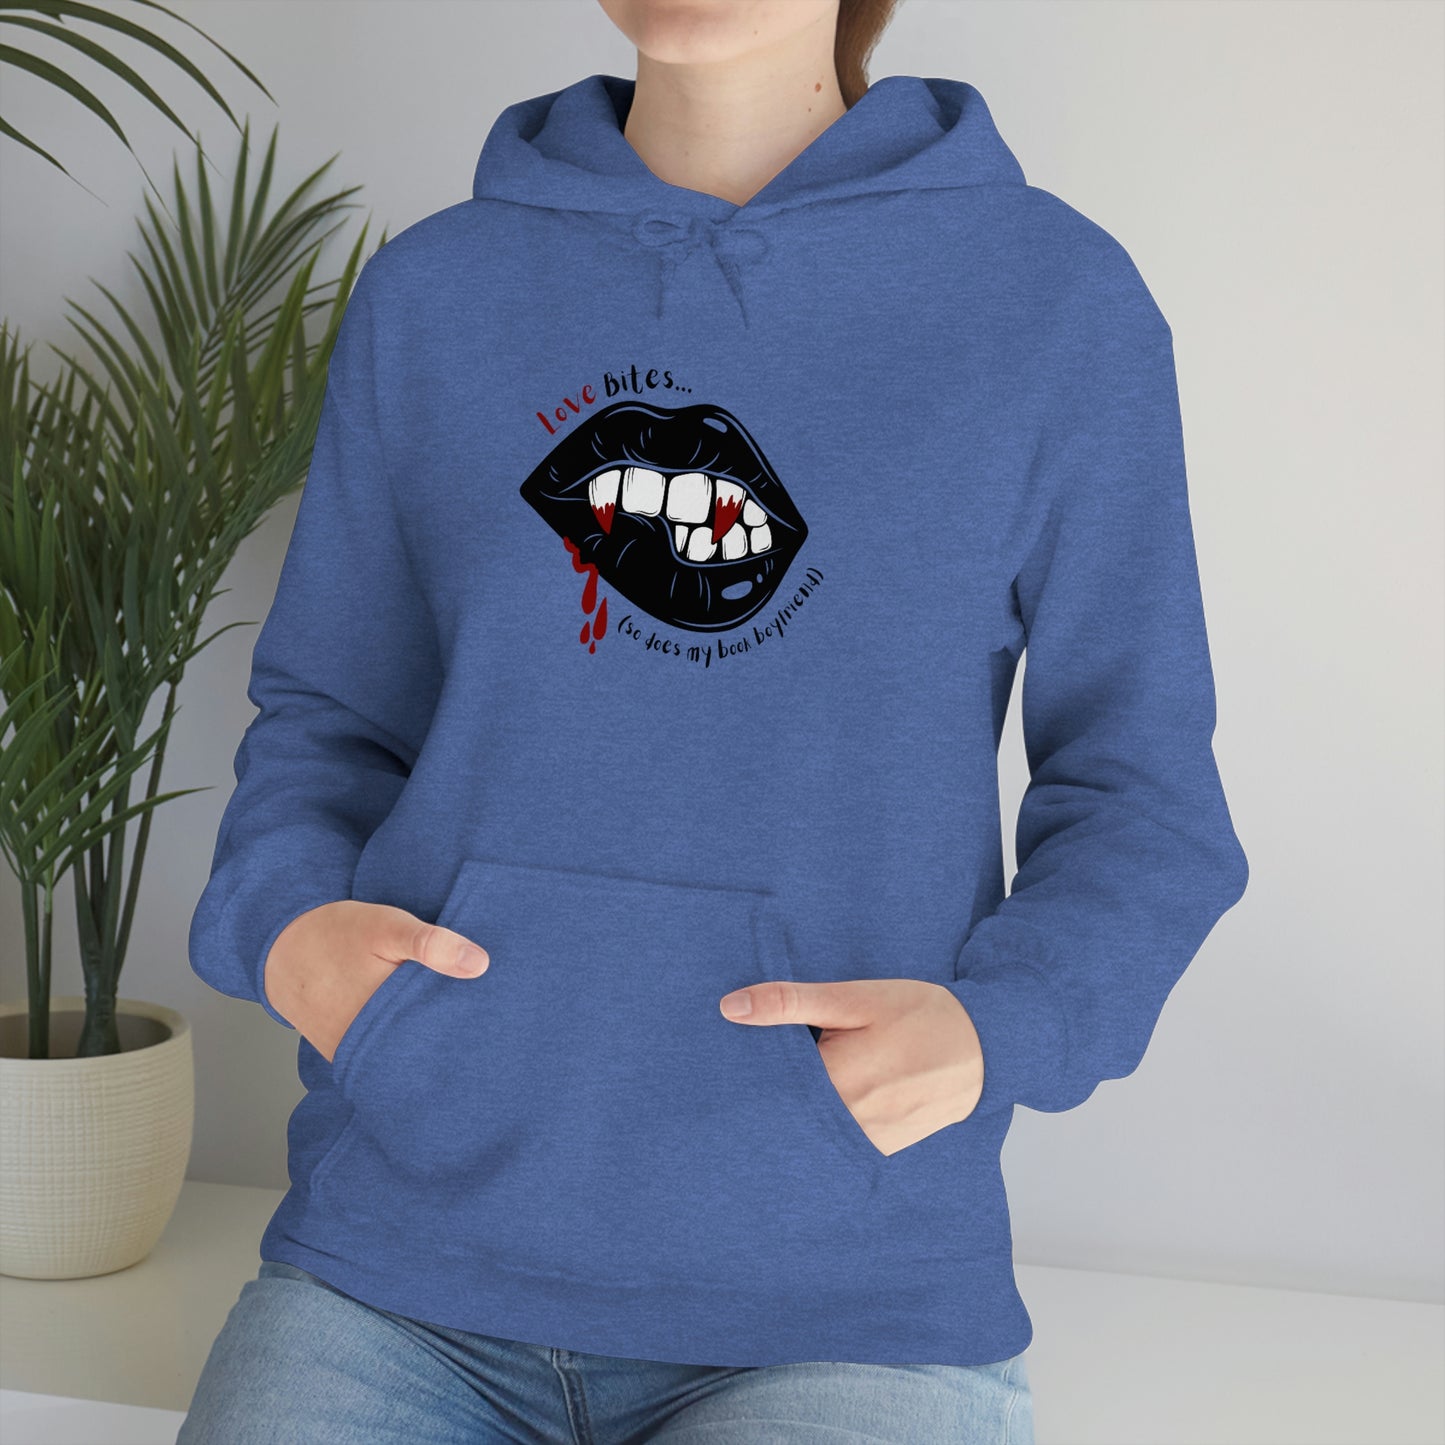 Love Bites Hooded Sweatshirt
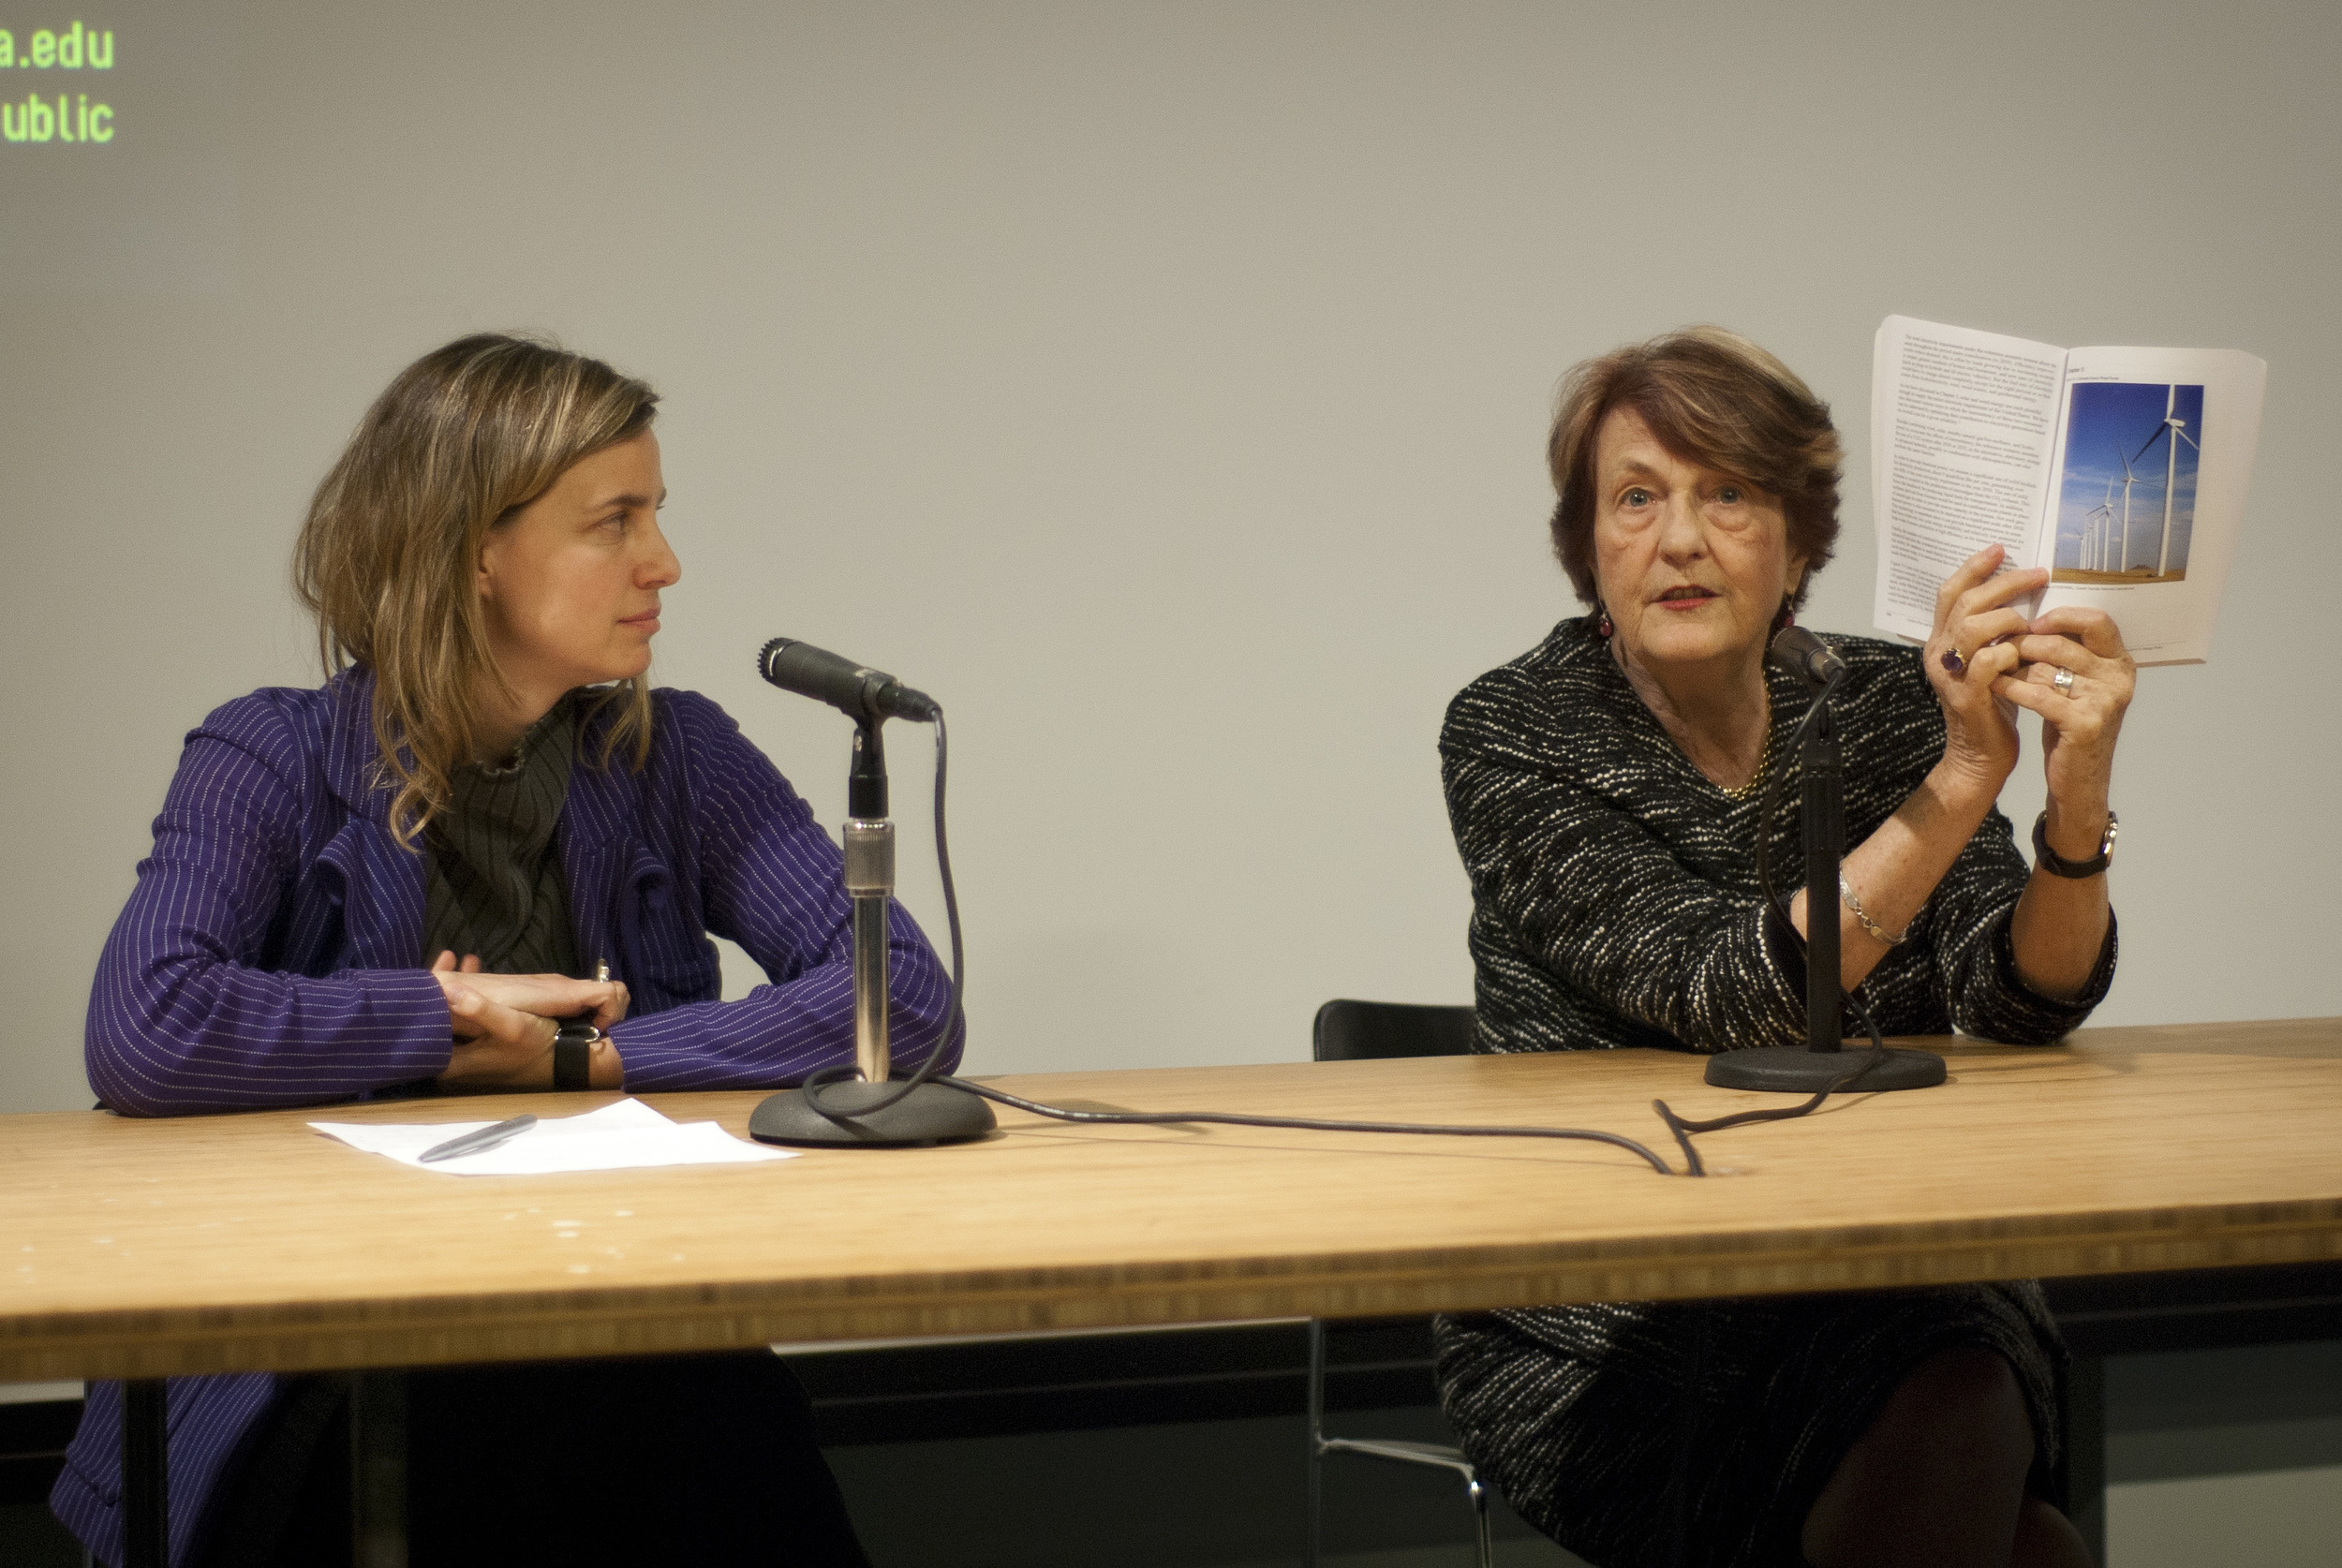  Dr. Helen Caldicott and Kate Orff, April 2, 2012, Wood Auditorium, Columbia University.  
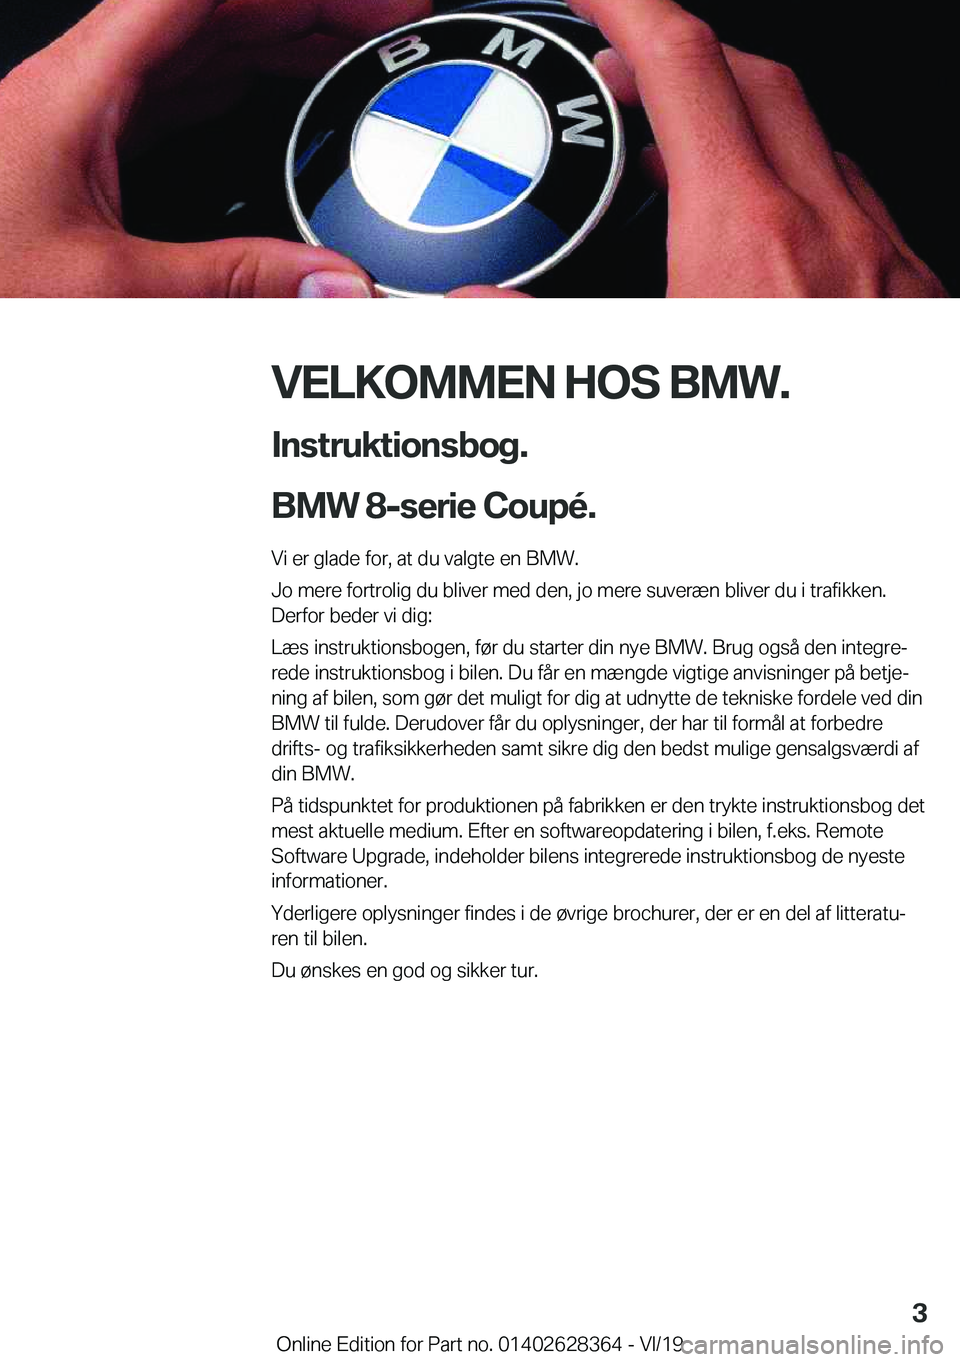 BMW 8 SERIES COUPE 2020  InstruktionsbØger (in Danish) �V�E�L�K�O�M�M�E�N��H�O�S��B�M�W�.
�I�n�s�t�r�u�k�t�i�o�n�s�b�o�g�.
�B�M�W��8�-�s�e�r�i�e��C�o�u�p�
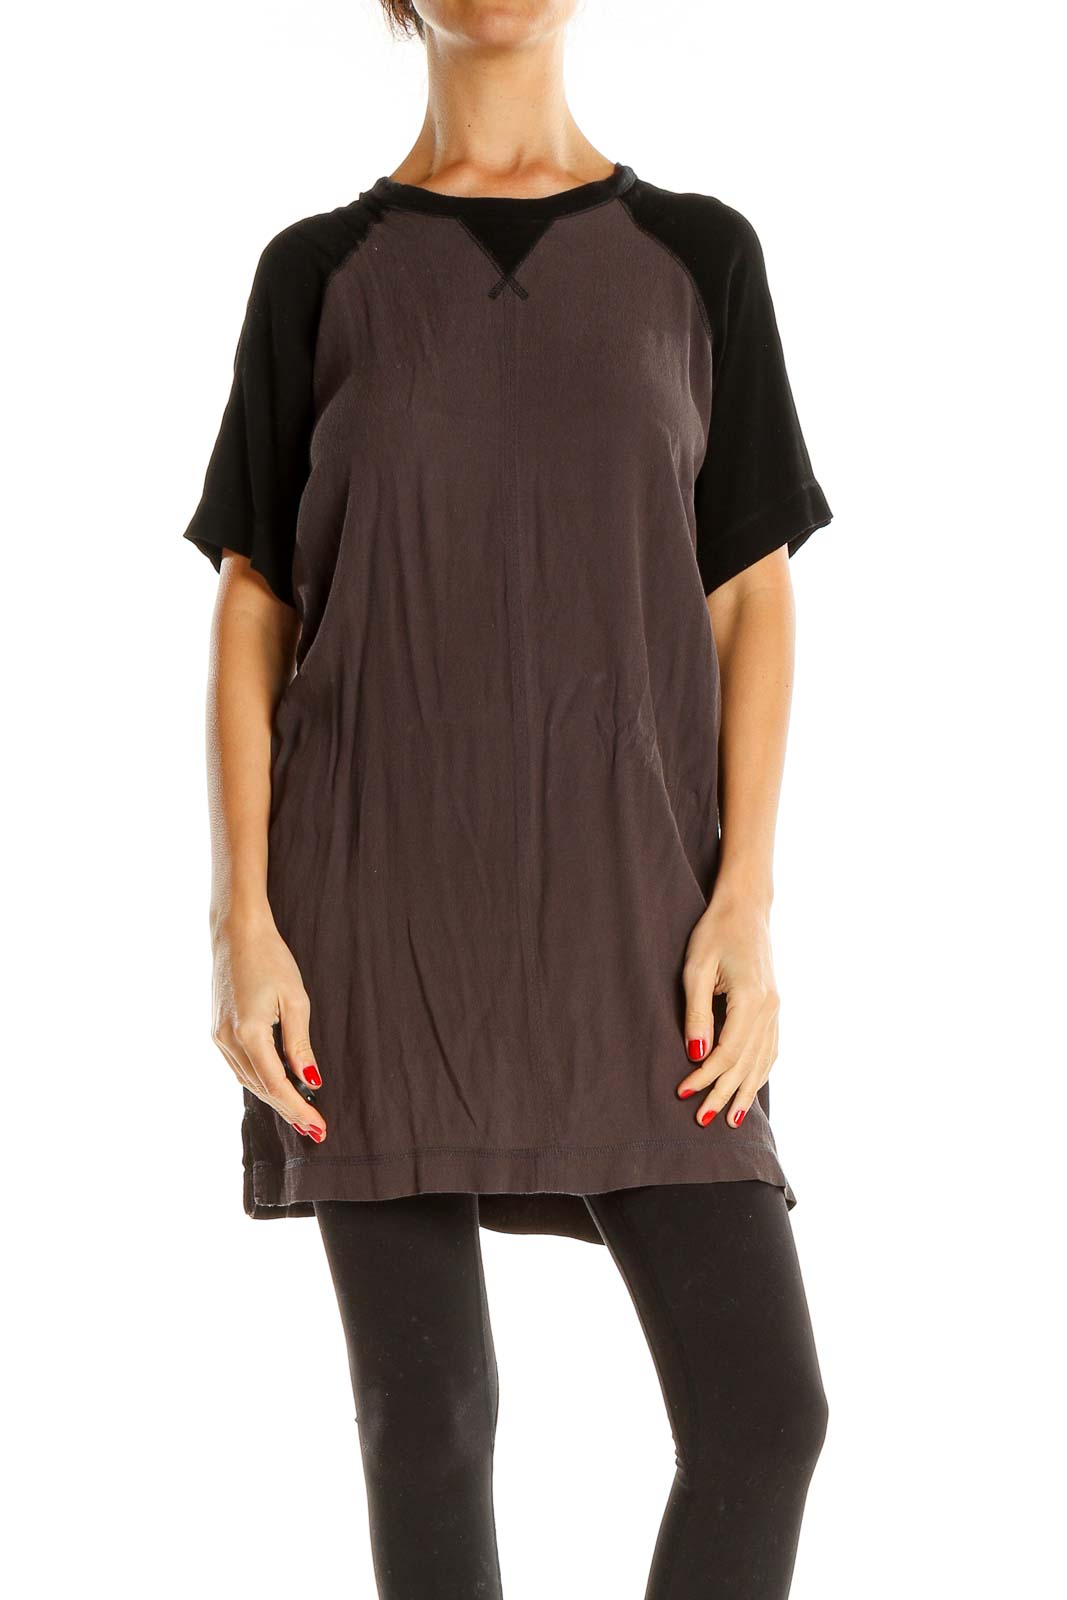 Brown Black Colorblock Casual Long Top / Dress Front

.....

• [TASK ITEM] Write out the material exactly as it stands, omitting every picture.

• [OUTPUT]
 Love Bites Hooded Sweatshirt
  Dr. Helen Caldicott and Kate Orff, April 2, 2012, Wood Auditorium, Columbia University.  
 BMW 8 SERIES COUPE 2020  InstruktionsbØger (in Danish) �V�E�L�K�O�M�M�E�N��H�O�S��B�M�W�.
�I�n�s�t�r�u�k�t�i�o�n�s�b�o�g�.
�B�M�W��8�-�s�e�r�i�e��C�o�u�p�
 Brown Black Colorblock Casual Long Top / Dress Front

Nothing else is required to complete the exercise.